誰がいるのか。どうして叩いたのか。

それがなんとなくわかり、返事もしたくなかったし、ドアを開けたくもなかった。

だけど、容赦なくドアは開けられた。

予想通り、そこに立っていたのはお父様だった。

「円香……どういうつもりだ」

まだ六時前だというのに家にいるのは、柳からの連絡を見て急いで帰ってきたということだろう。

何を言っても伝わらない、怒られると思い、黙り込む。

「それはあの低レベルな学校に通ったせいか?あの学校の中に、お前をそそのかした奴がいるのか?」

久々のお父様の圧迫的な態度は、恐怖で支配されるようなもので、言葉が出てこない。

否定したいのに。笠木さんが思っているようなことは何もないと、言わなければならないのに。
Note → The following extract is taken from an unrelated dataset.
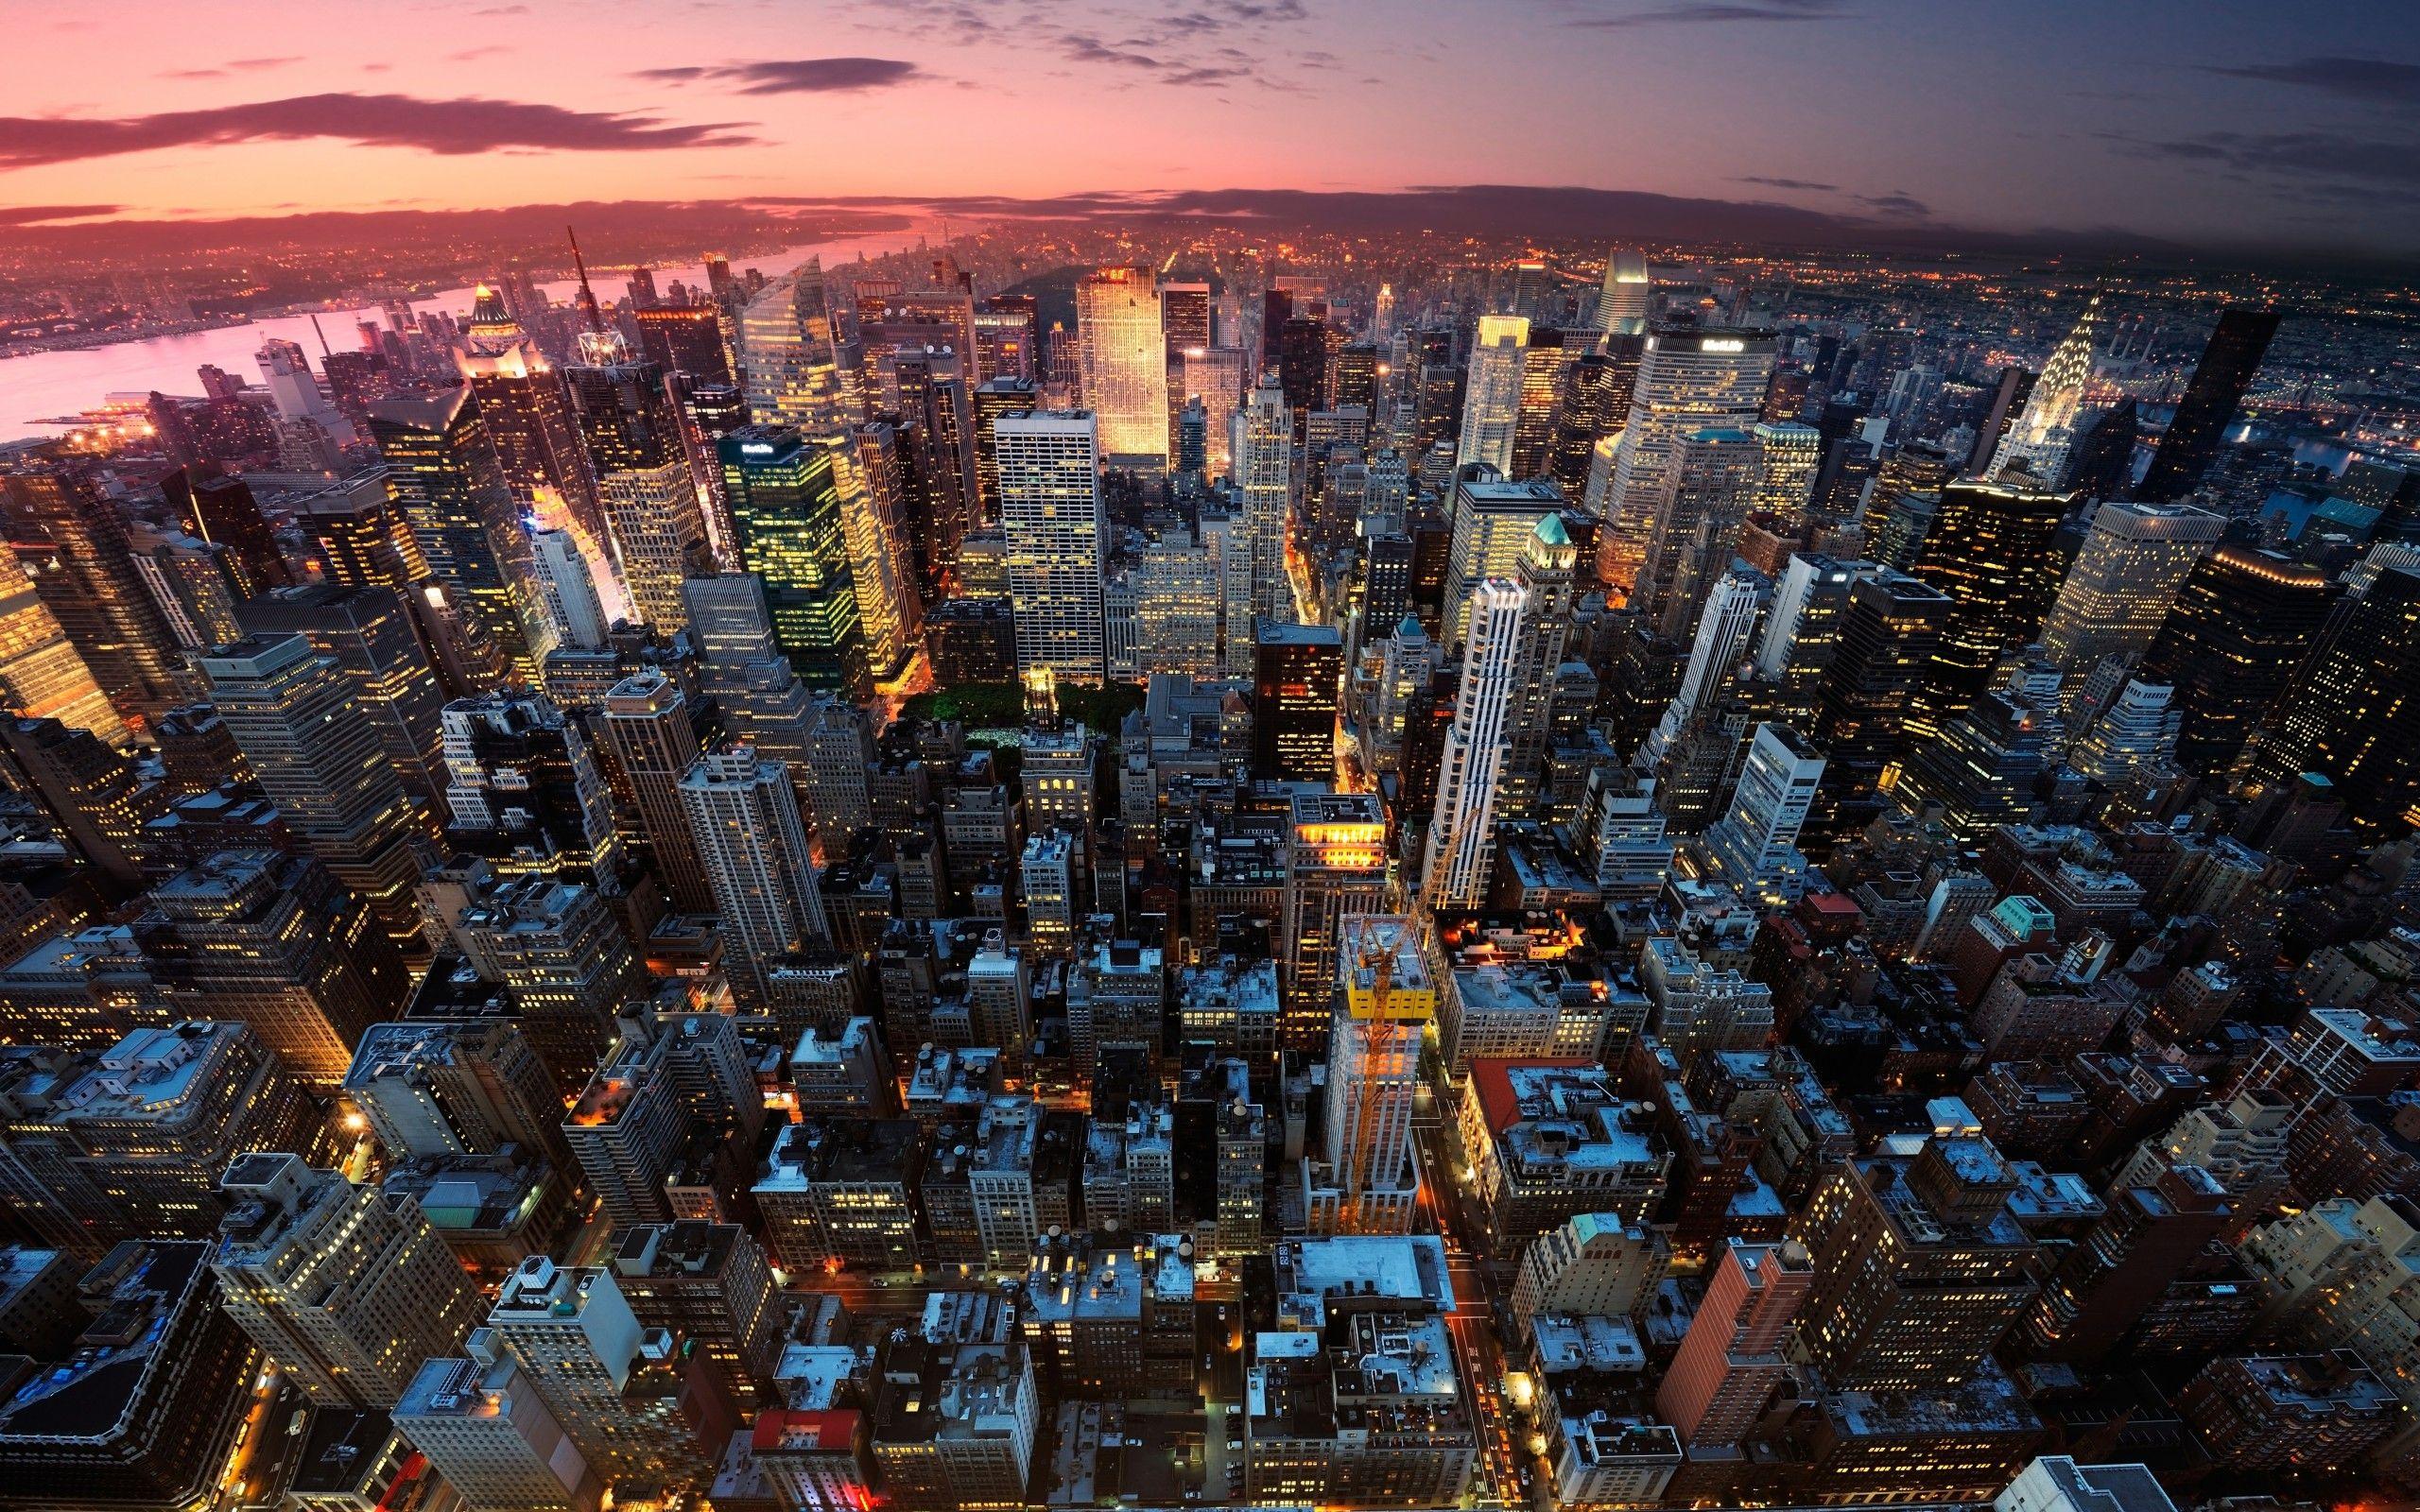 New York Manhattan Usa City Panorama Night Sunset Lights Light House Building Skyscraper Skys New York Wallpaper New York City Background Los Angeles Wallpaper

「もうあの学校には通わせない。髪も今すぐ黒に直してきなさい」

一番恐れていた言葉を、お父様はあっさりと言った。私は泣きそうになりながら、首を横に振る。

「私、は……あの学校に、通いたいです……」

絞り出した声は、お父様に届きそうになかった。

どうして、こういうときに勇気が出ないのだろう。

お父様は大きくため息をついた。

たったそれだけのことなのに、体が強ばる。

「やはりわがままを聞くのではなかった。悪影響になるものしかない場に、入れるべきではなかった」
「……違います!」

お父様に反抗してしまった。

学校に通ったことで悪影響になんてなくて、お父様の言葉を肯定してはいけないと思うと、思わず声が出た。

お父様は私を睨む。

しかしここで怯んではいけない。言ってしまったのだから、このまま最後まで言うべきだ。

ほんの少しでいい。
勇気を、出せ。

「……私はあの学校に通って、初めて友達が出来ました。誰かに会うことを楽しみに思う気持ちを知りました」

そして、誰かを好きになるという幸せを知った。

「ではなぜ、お前は髪を染めた。その友人に無理矢理やらされたのか?」

違う。髪を染めたいと、私自身が思ったことだ。強制などされていない。

しかしお父様は私の友達がそういう人だと思ったということか。

「いくらお父様でも、私の友達を侮辱するような発言は許しません」

お父様は私を見下ろしてくる。

それに負けじと睨み返していたら、お父様は私のペン立てにあるハサミを手にした。
そのまま私のほうを向く。

出てきた勇気はどこかに行ってしまった。

「お、お父様……?」
「旦那様、それは……!」

私の怯えた声も、柳の慌てた声も届かなくて、お父様は乱暴に私の髪を掴むと、赤色の髪を切り落とした。